Baldwin Wins US Senate Seat in Wis.
Posted at: 11/06/2012 11:39 PM
| Updated at: 11/07/2012 3:43 PM
By: SCOTT BAUER, Associated Press
MADISON, Wis. (AP) - Democratic U.S. Rep. Tammy Baldwin has won Wisconsin's open U.S. Senate seat.
Baldwin defeated former Republican Gov. Tommy Thompson on Tuesday for a seat that's been held by Democrats since 1957. With the victory, Baldwin also becomes the first openly gay candidate to win election to the Senate.
The seven-term congresswoman from Madison built her campaign around the argument that the 70-year-old Thompson no longer spoke for Wisconsin residents.
Baldwin noted that the four-term governor, who hadn't been on a ballot in 14 years, made millions of dollars in the private sector off connections he made while governor and U.S. health secretary.
Thompson had attacked Baldwin as too liberal for Wisconsin, focusing on her position on health care reform.
His defeat marks Thompson's first ever loss in a statewide election.

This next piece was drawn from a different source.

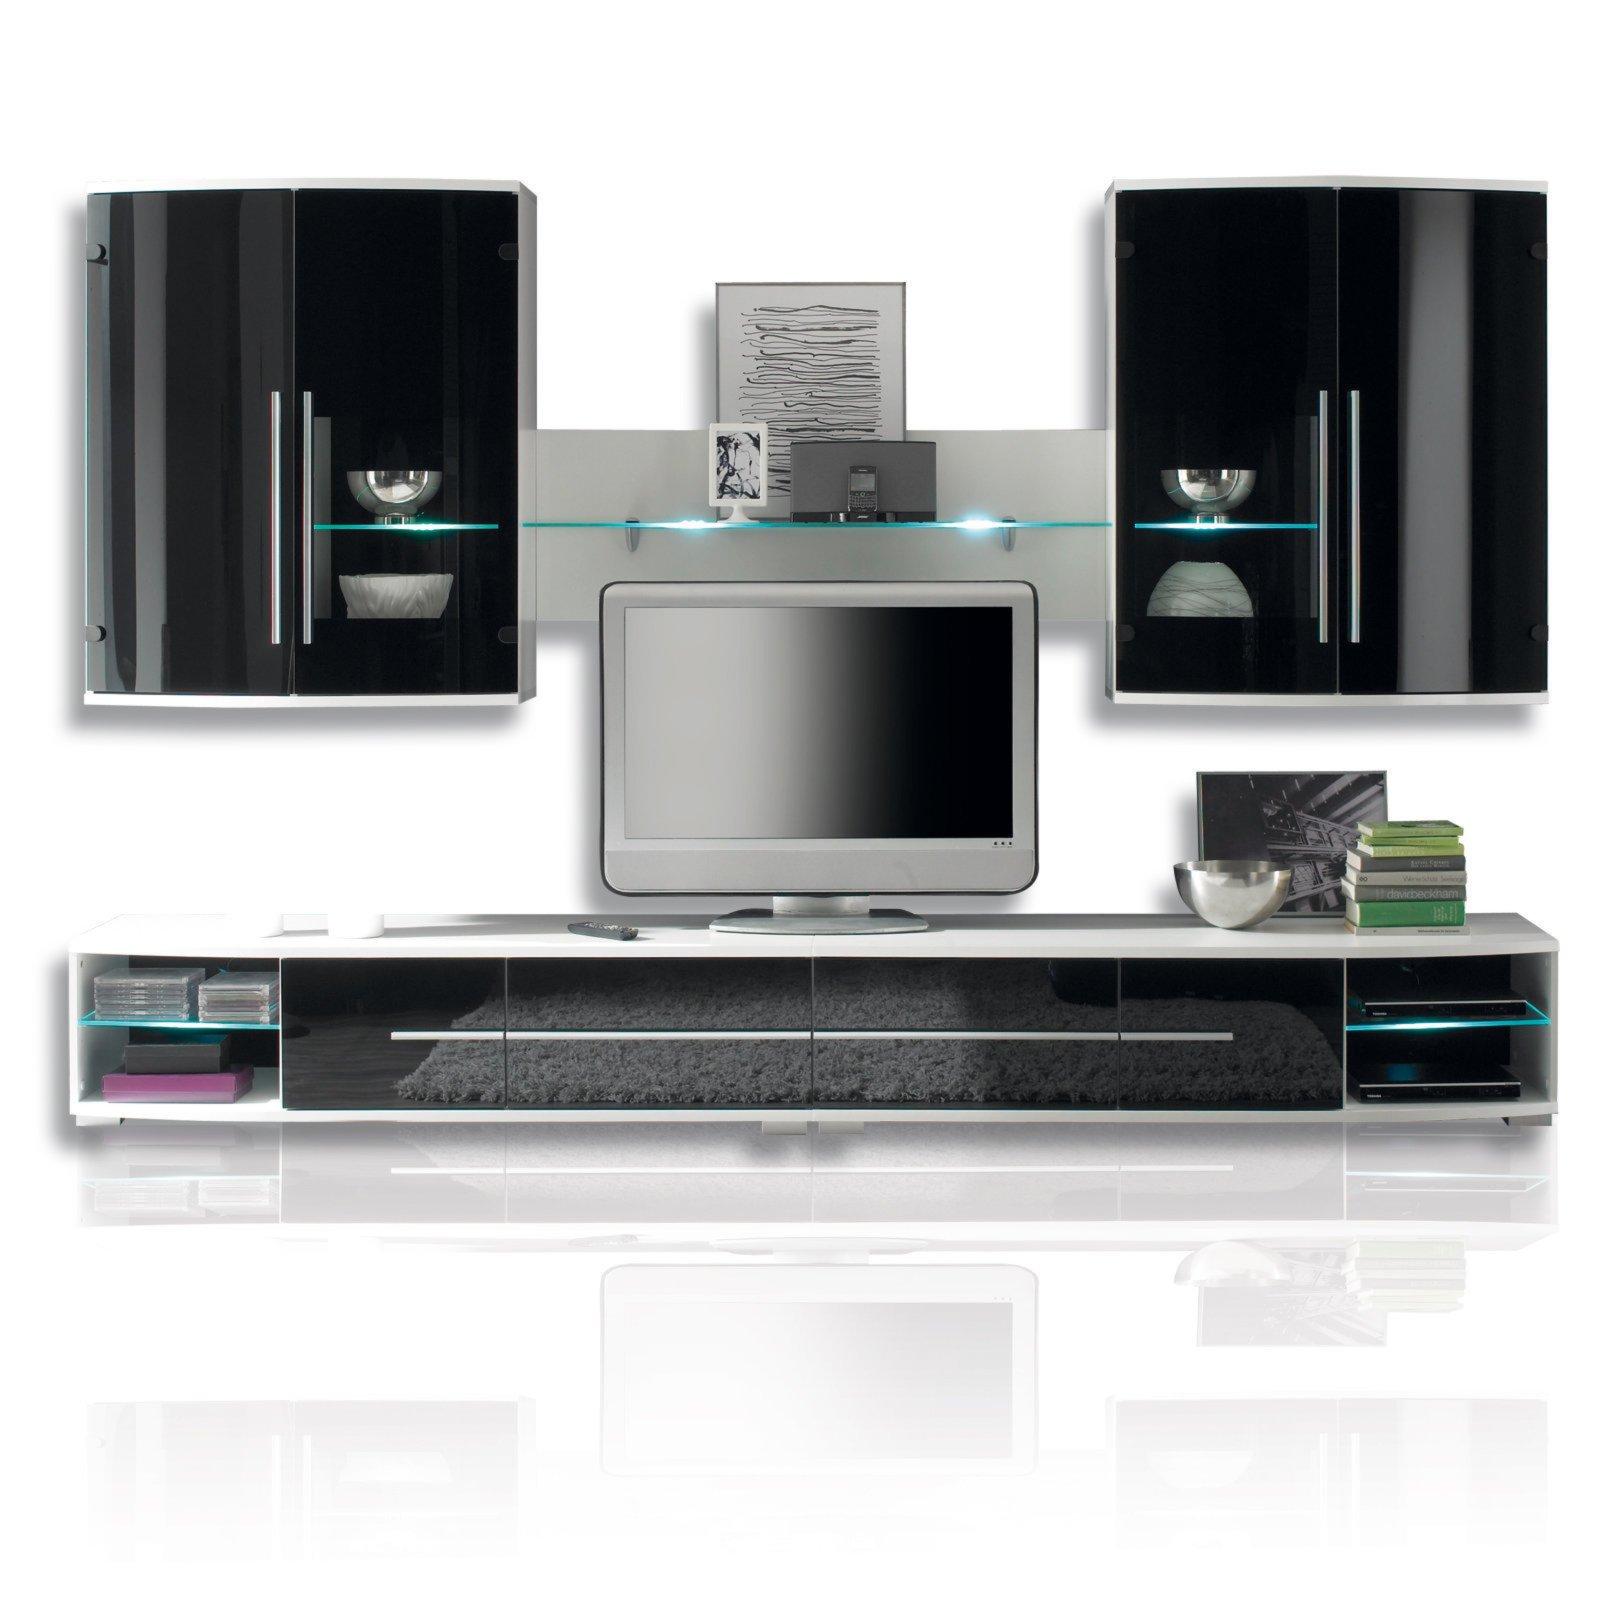 wohnwand blackstar schwarz mit beleuchtung 300 cm wohnw nde wohnw nde m bel. Black Bedroom Furniture Sets. Home Design Ideas
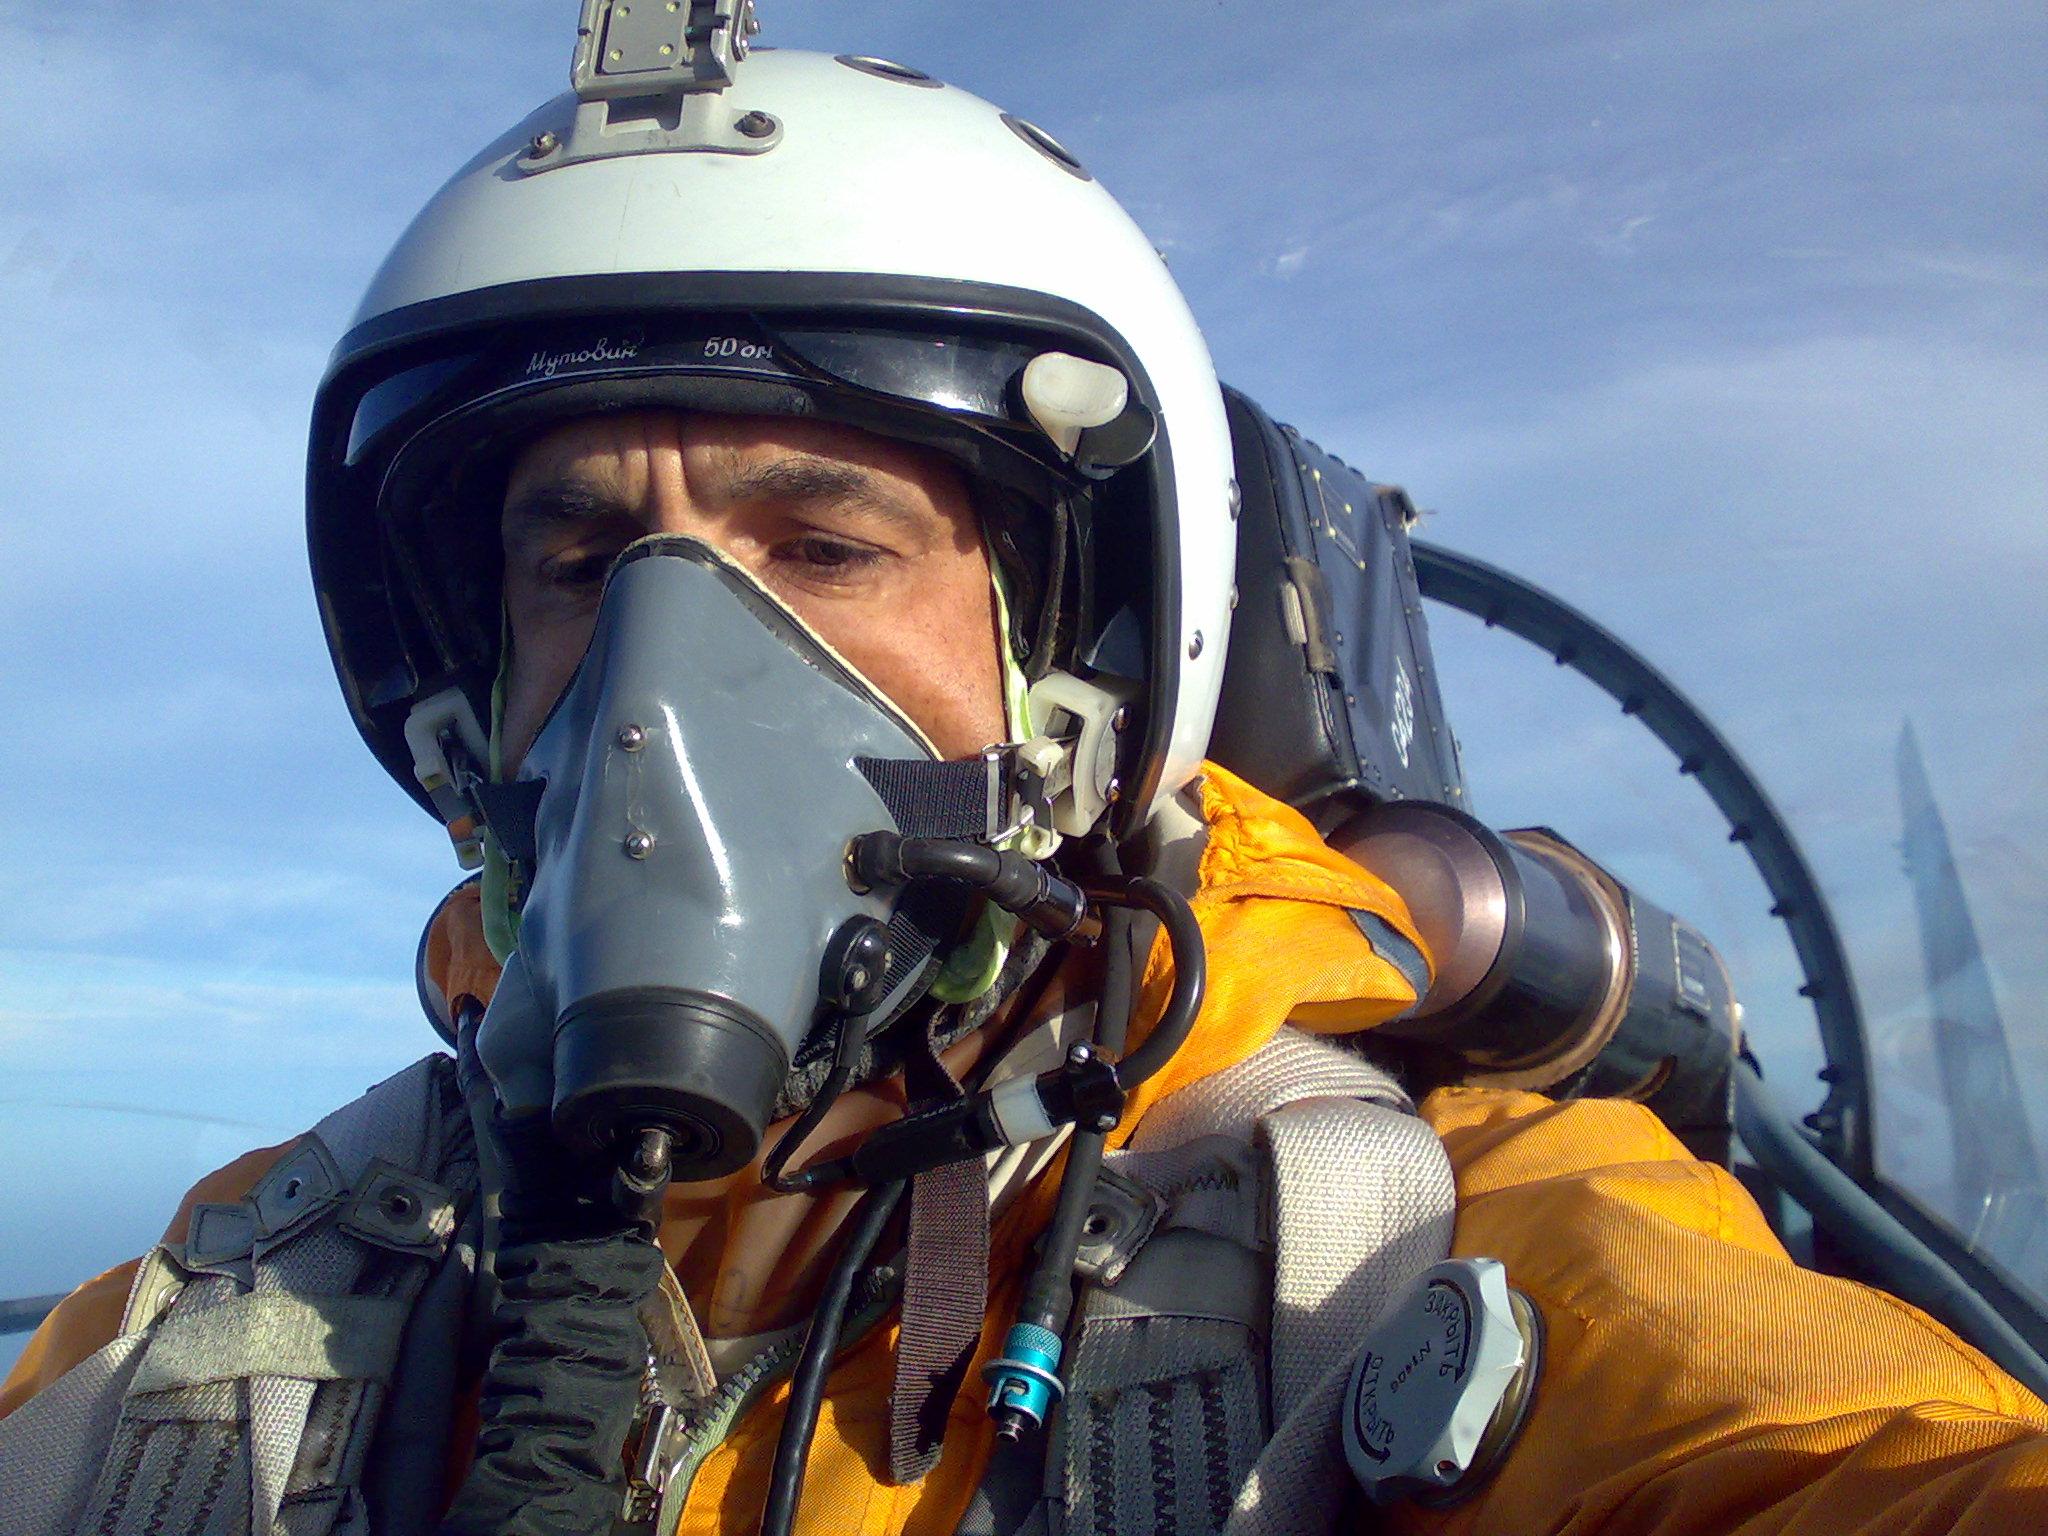 Летчик с дыхательным аппаратом

Baldwin says economy drove her win
Tammy Baldwin says her victory in Wisconsin's U.S. Senate race was driven by voters' concerns about the economy, and she intends to work on pursuing an agenda to strengthen manufacturing both in Wisconsin and nationwide during her first year in office.
Baldwin spoke about the race Wednesday in an interview with The Associated Press. She says voters also sent a message that they are tired of gridlock in Washington with her victory and by re-electing President Barack Obama.
Johnson, Baldwin talk
Republican Sen. Ron Johnson says he's spoken with Baldwin and congratulated her on her victory in Tuesday's election.
Johnson said Wednesday that he wants to sit down with Baldwin and discuss areas where they can agree as they prepare to represent Wisconsin together in the U.S. Senate.
But Johnson acknowledges that he and Baldwin are about as polar opposite politically as could be.
Johnson is a tea party Republican elected in 2010. Baldwin is a liberal Democrat and the first openly gay candidate ever elected to the Senate.